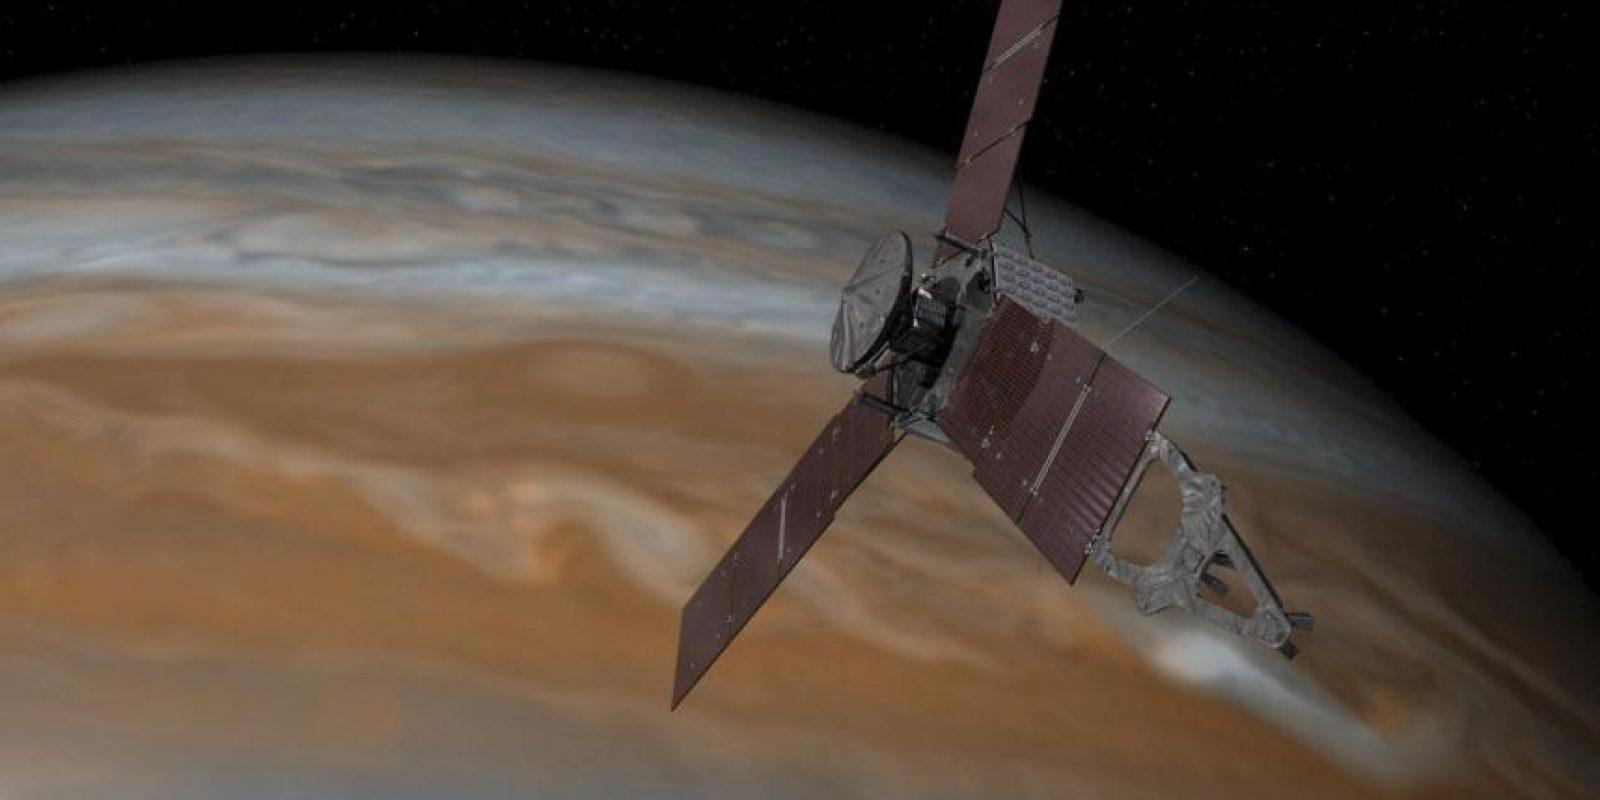 La sonda espacial tardó cinco años en llegar hasta la órbita de Júpiter Foto:NASA
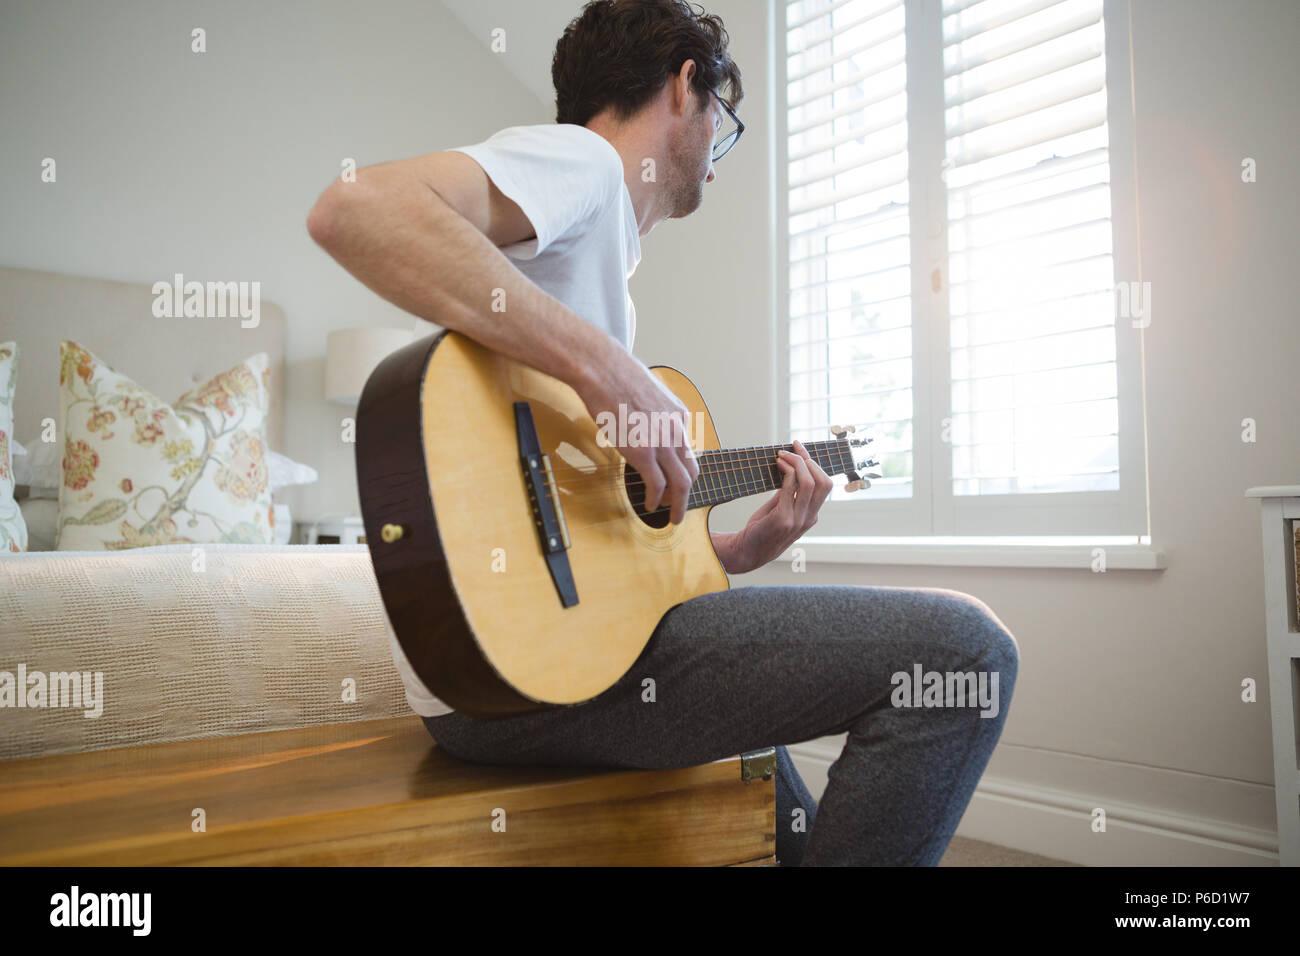 L'homme qui joue de la guitare dans la chambre Banque D'Images
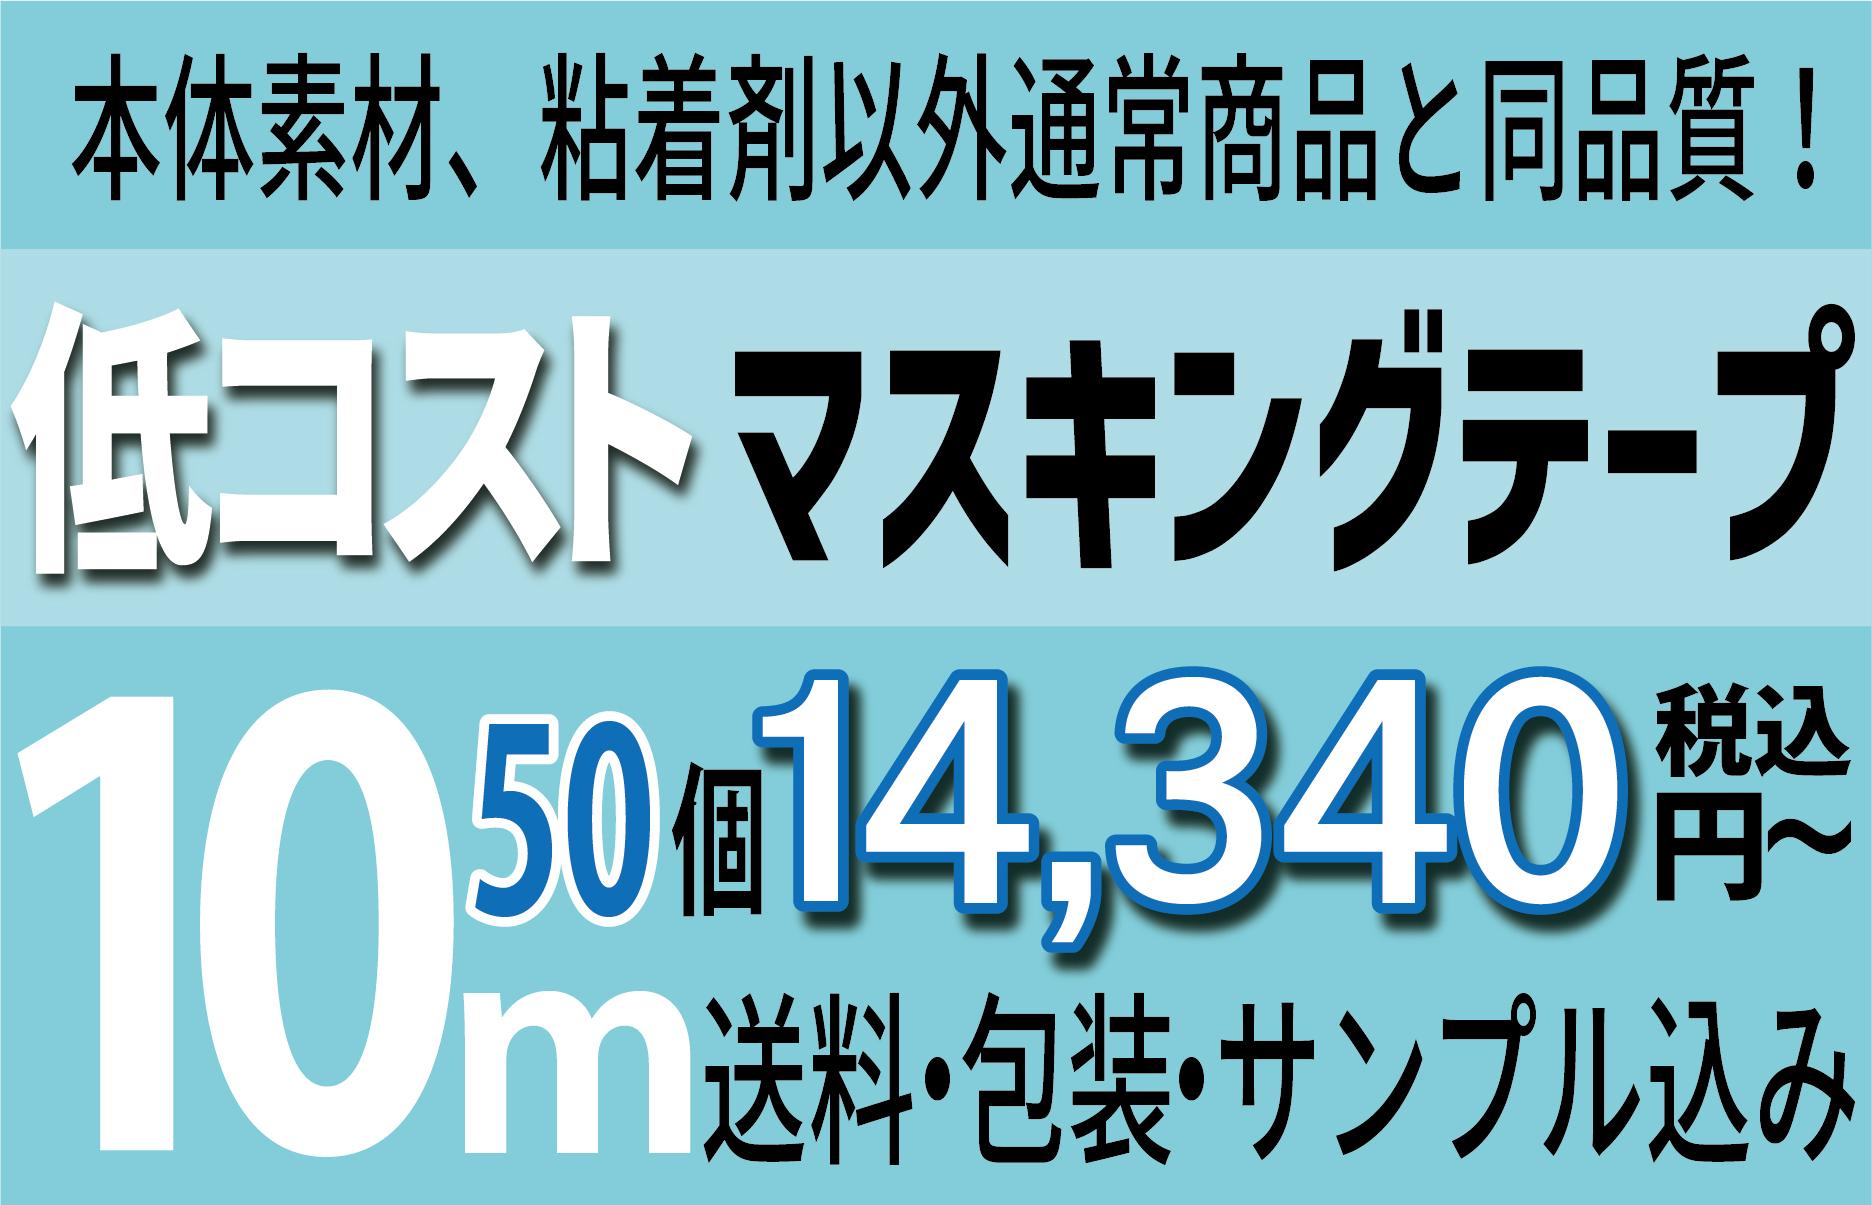 ≫10m(低コスト)
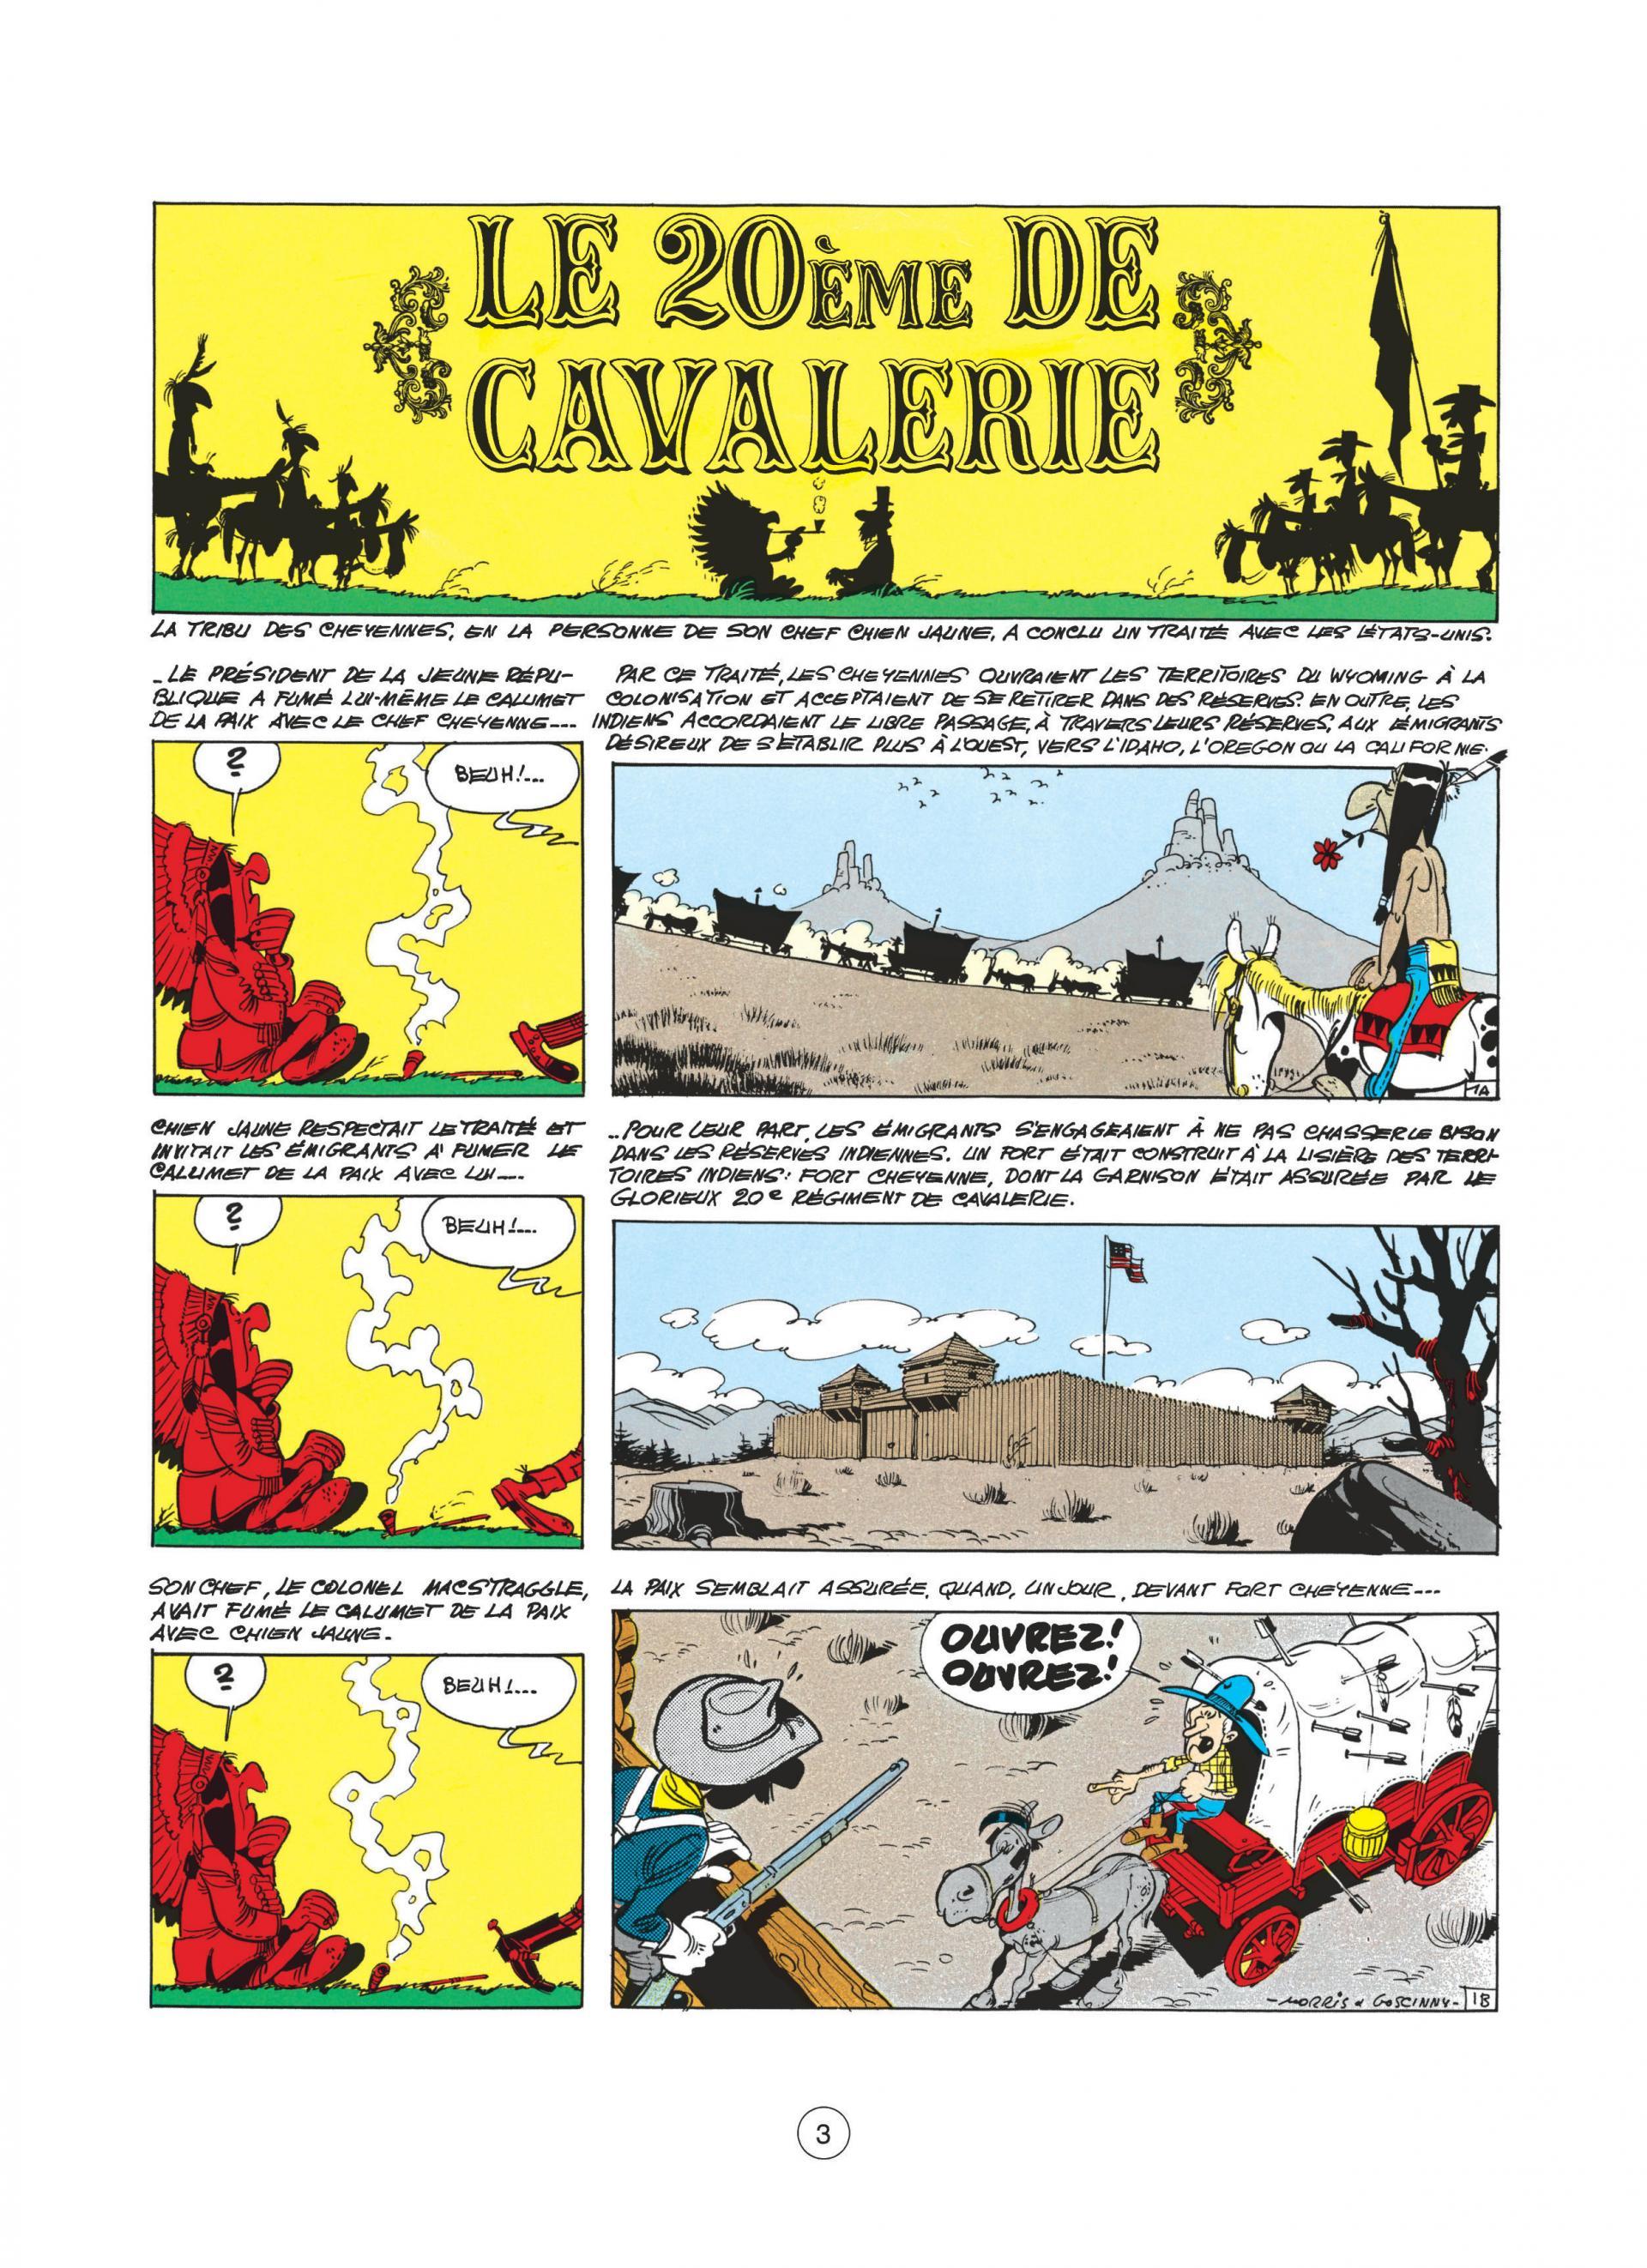 Le vingtième de cavalerie

========================================

- **Task prompt**: When you copy the listing, keep every line exactly as it is but leave out all images.

- **Exercise response**:
 La sonda espacial tardó cinco años en llegar hasta la órbita de Júpiter Foto:NASA
 L'homme qui joue de la guitare dans la chambre Banque D'Images
 ≫10m(低コスト)
 Le vingtième de cavalerie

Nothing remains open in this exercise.